Copy out the data word for word. The images are not part of the copy.

- [PROVIDED DATA]:
####################

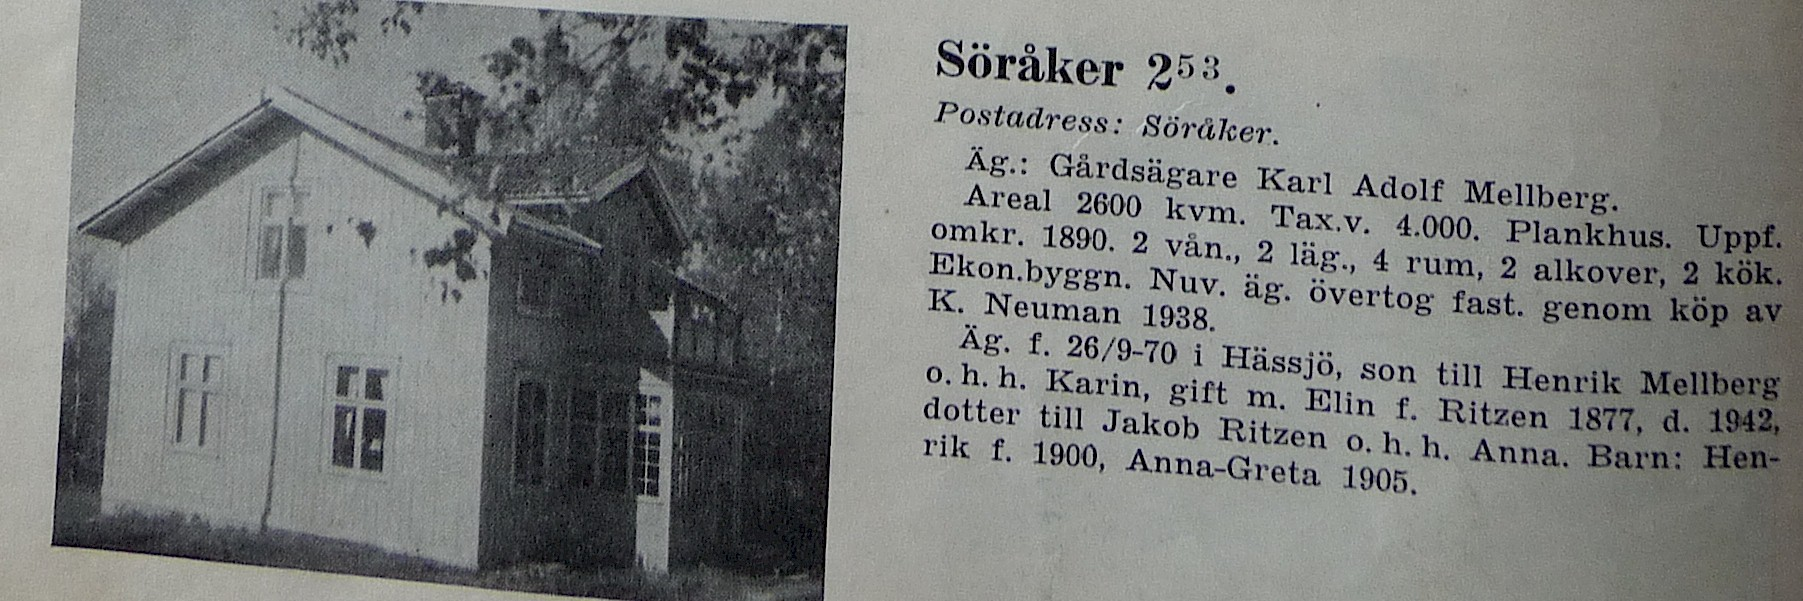 Greta and karl - 4 10
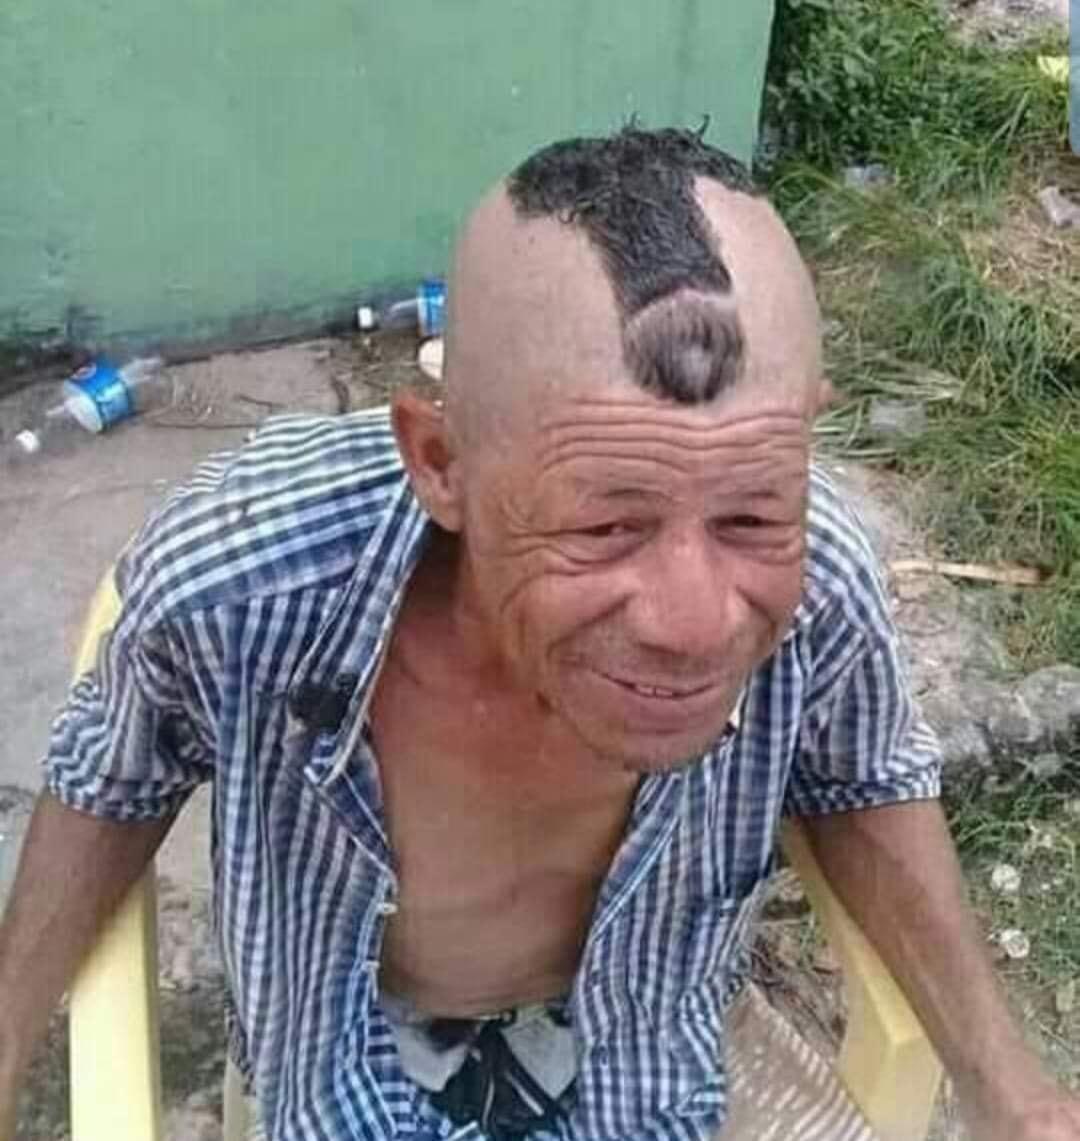 Opiniones sobre el corte de pelo d pelo d mi abuelo? - meme
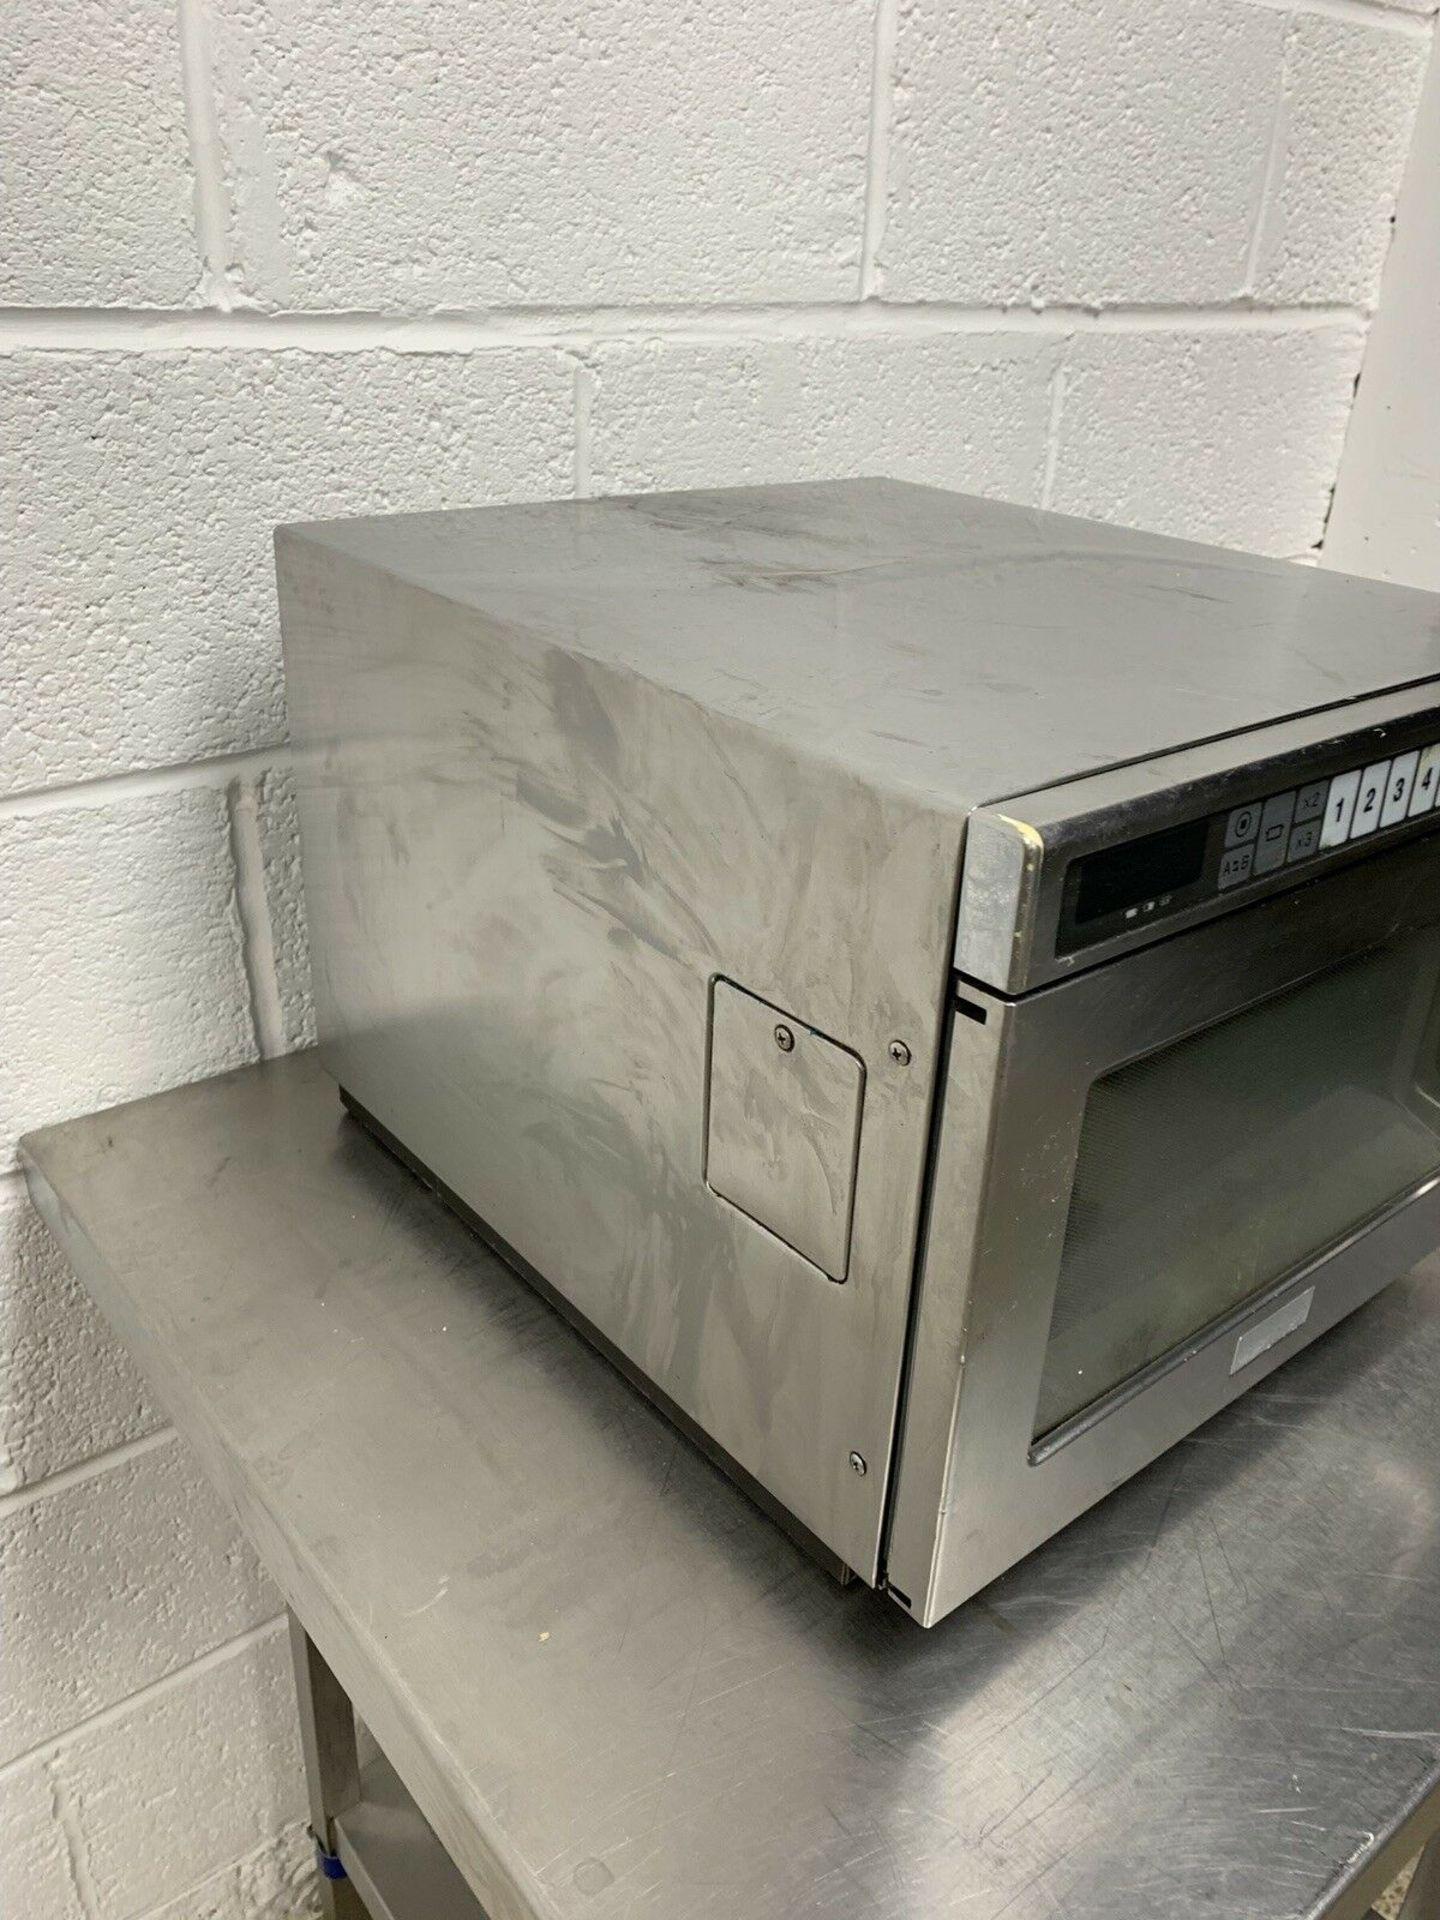 Lot 93 - Panasonic Microwave Oven
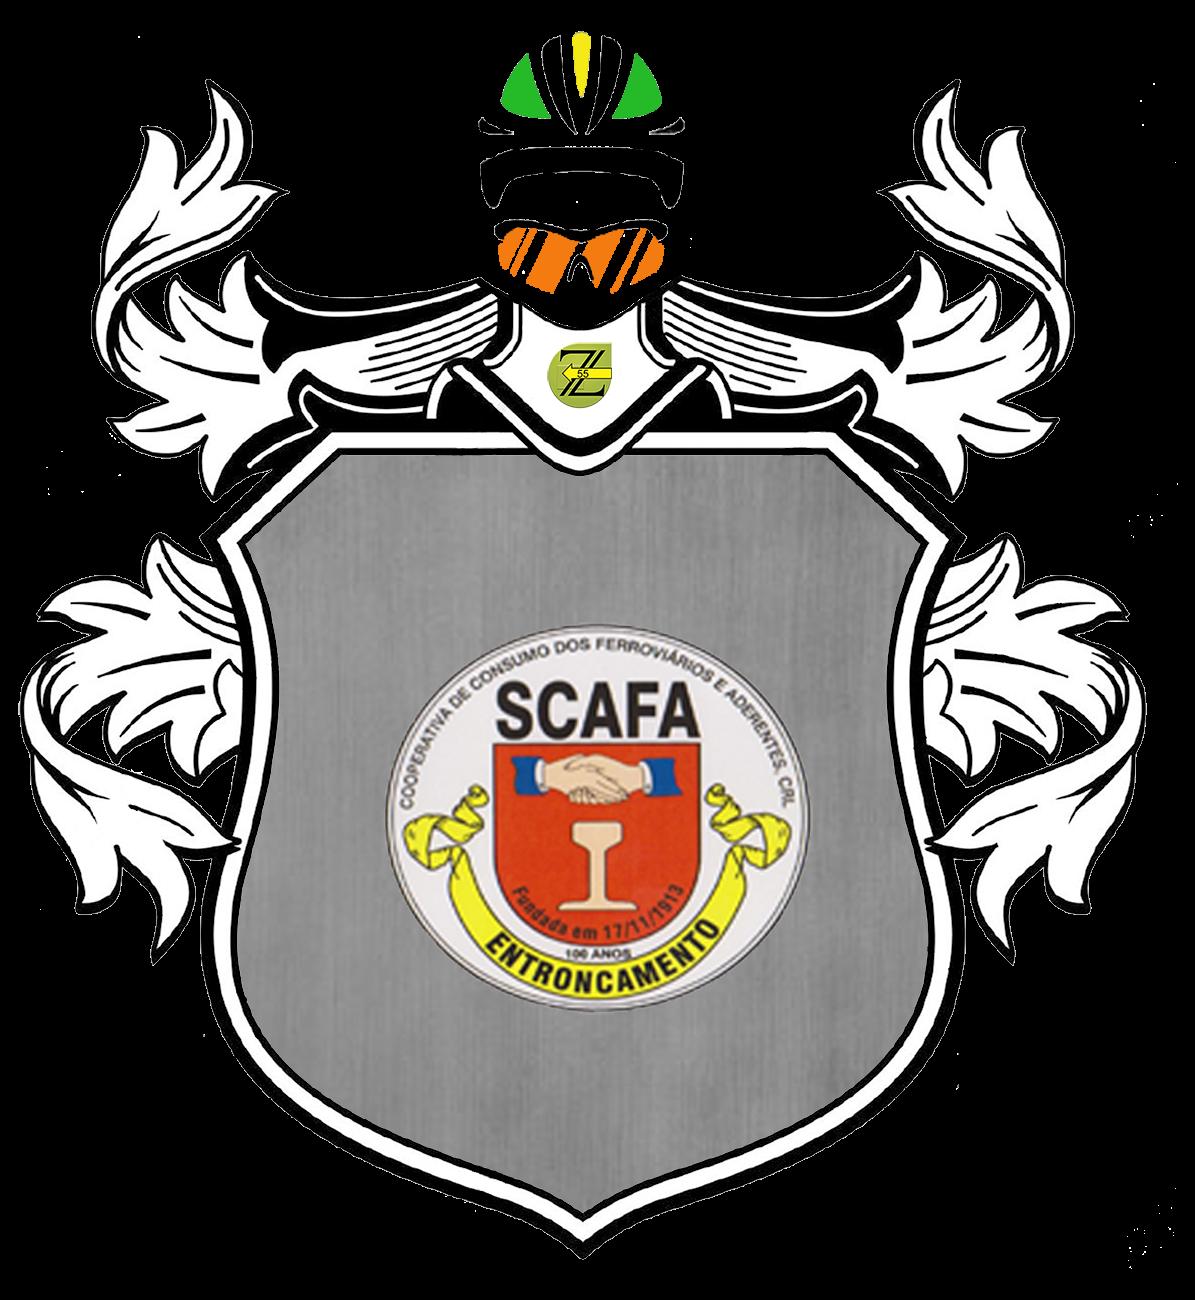 S.C.A.F.A.

####################

- [WRITTEN RESPONSE]:
 Greta and karl - 4 10
 Opiniones sobre el corte de pelo d pelo d mi abuelo? - meme
 Lot 93 - Panasonic Microwave Oven
 S.C.A.F.A.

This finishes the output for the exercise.